● Activity:
Write out the whole listing below exactly, skipping each picture.

● Recorded information:

#####

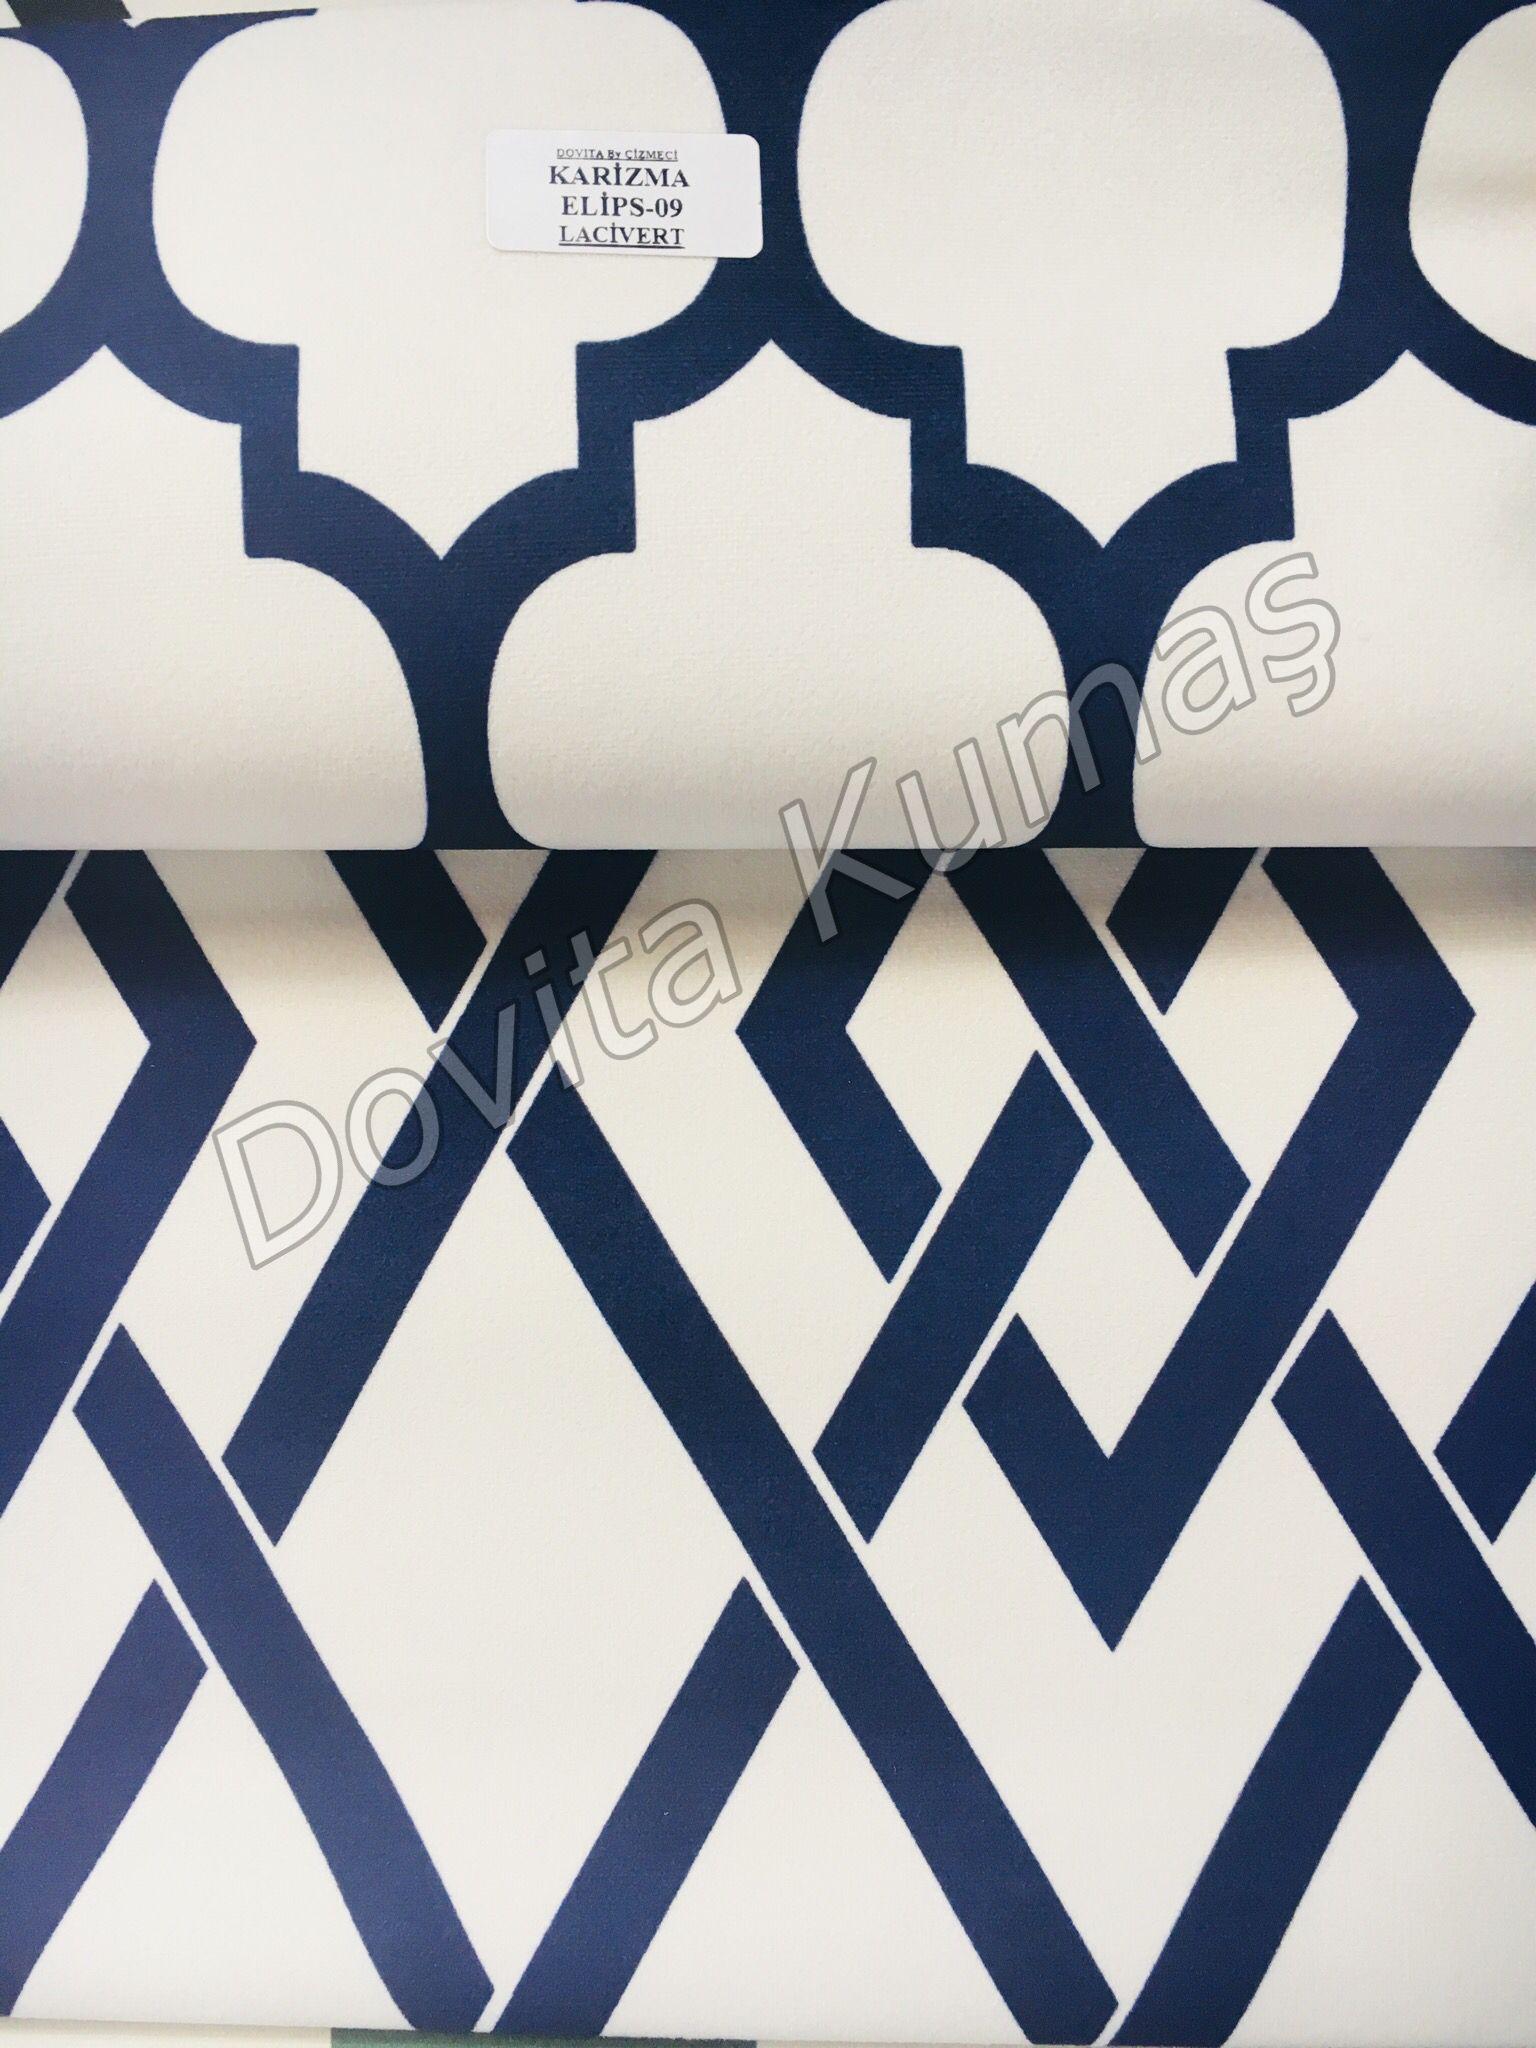 Dovita Dosemelik Kumas Istanbul Lacivert Beyaz Desen Instagram Dovitakumas Interiordesign Homedecoration Homedecor Dosemelik Kumaslar Kumas Desenler
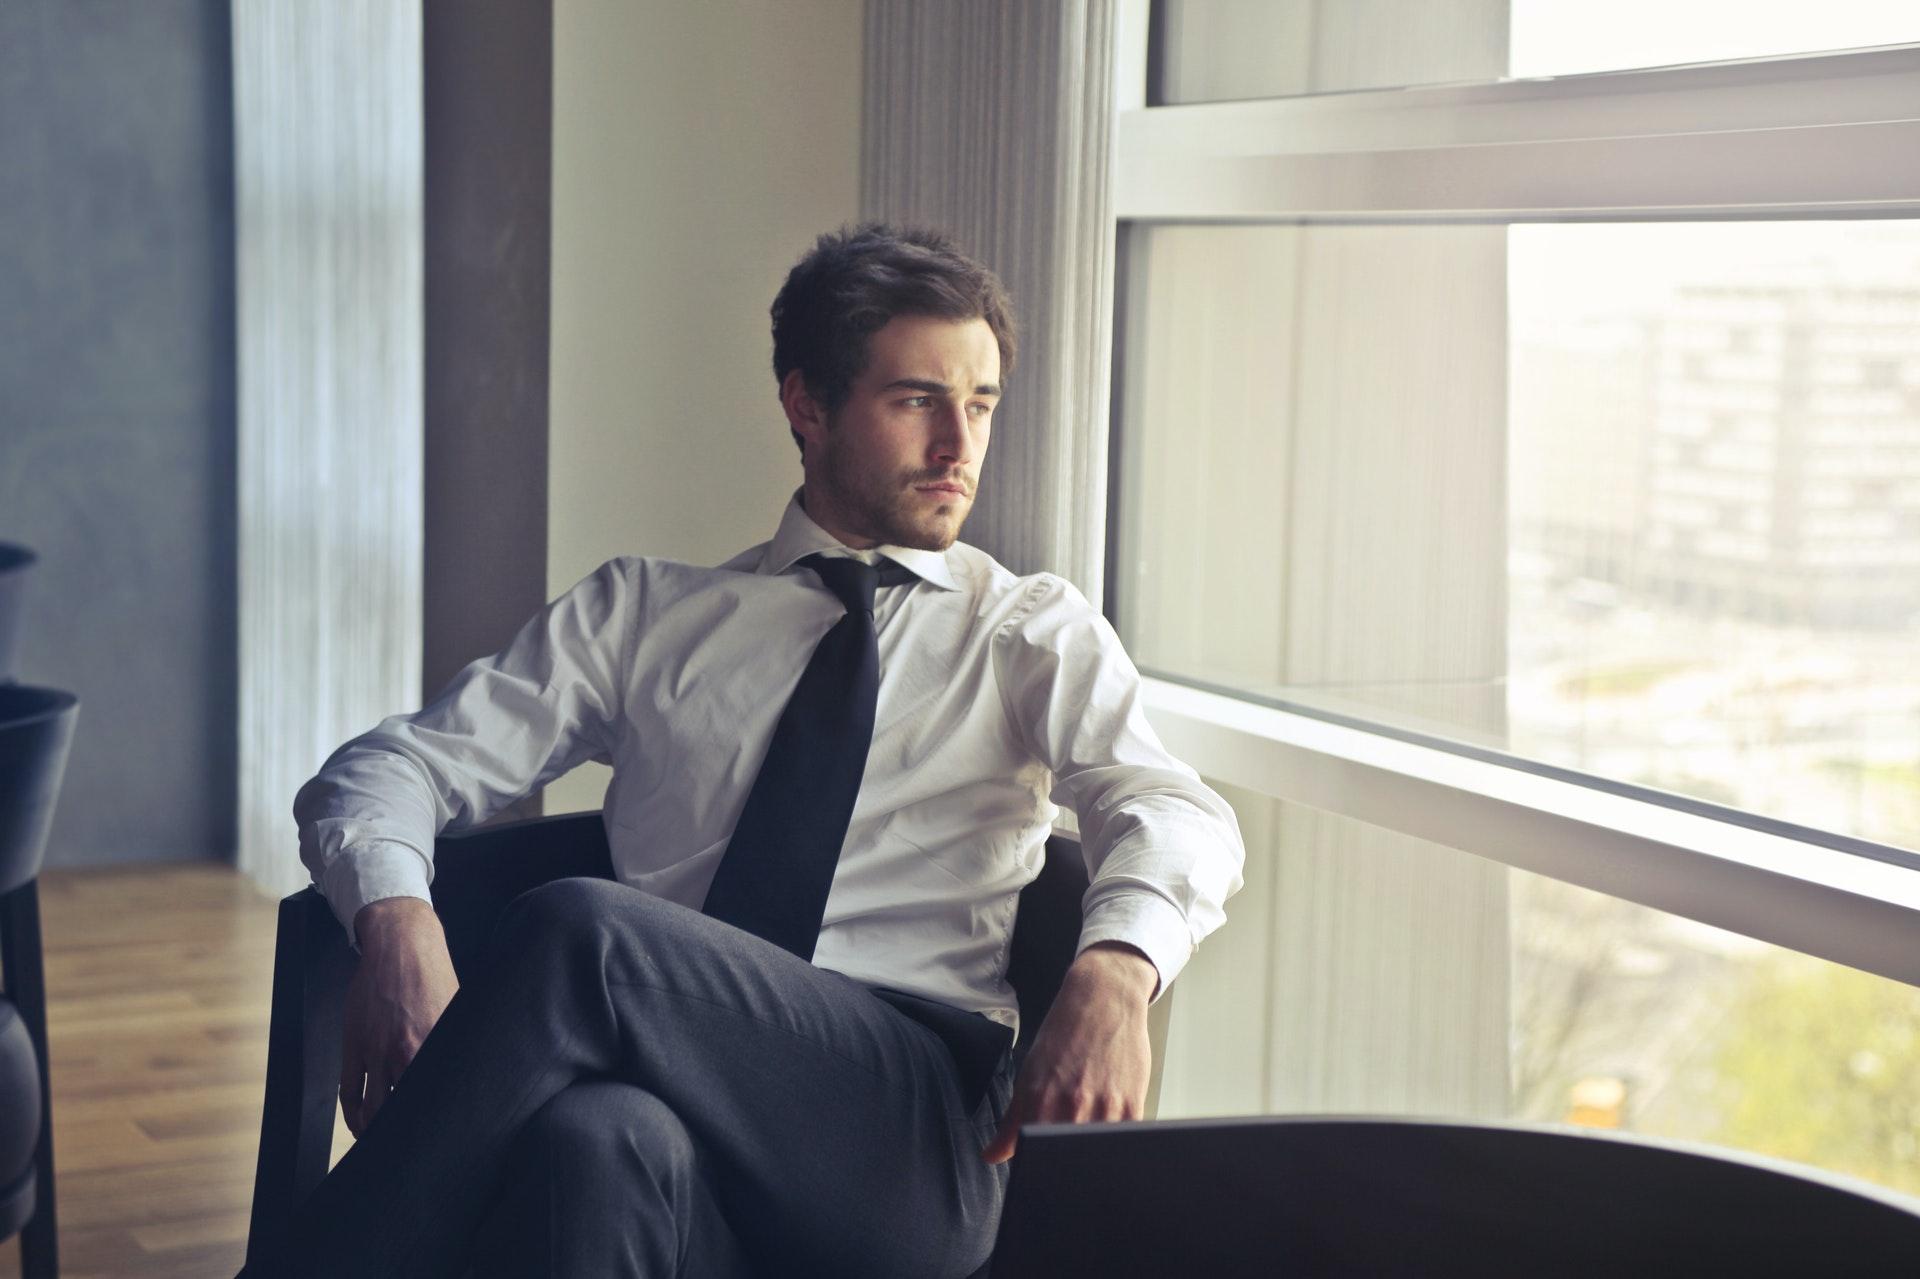 Imagem de um empresário ao lado de uma janela olhando para fora. Imagem ilustrativa texto mvp de franquia.
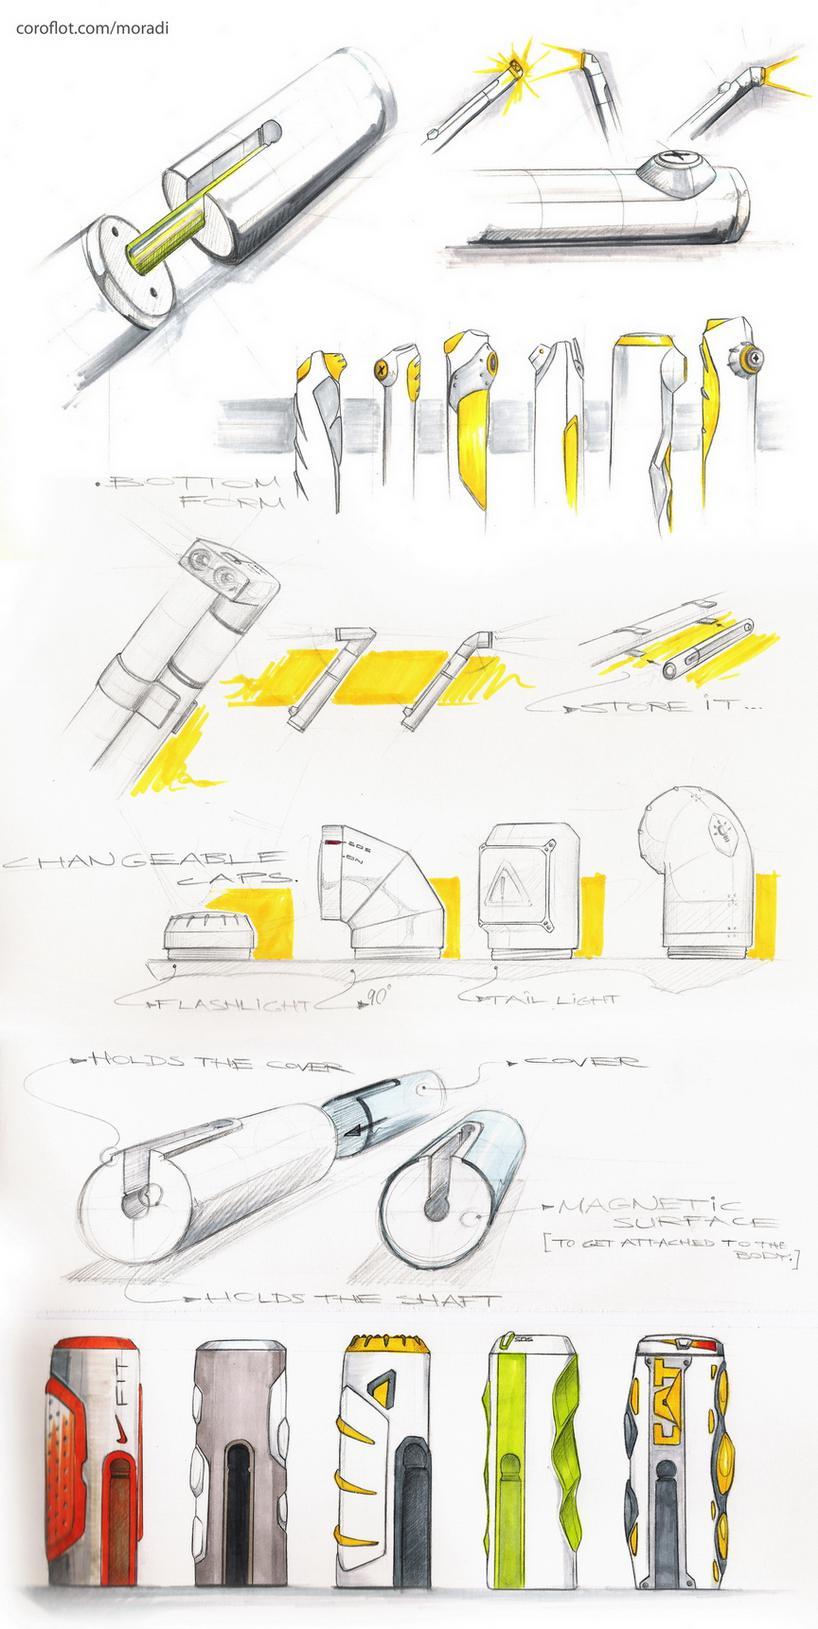 M moradi for Mappe produktdesign

#####

● Exercise answer:
 Dovita Dosemelik Kumas Istanbul Lacivert Beyaz Desen Instagram Dovitakumas Interiordesign Homedecoration Homedecor Dosemelik Kumaslar Kumas Desenler
 Imagem de um empresário ao lado de uma janela olhando para fora. Imagem ilustrativa texto mvp de franquia.
 M moradi for Mappe produktdesign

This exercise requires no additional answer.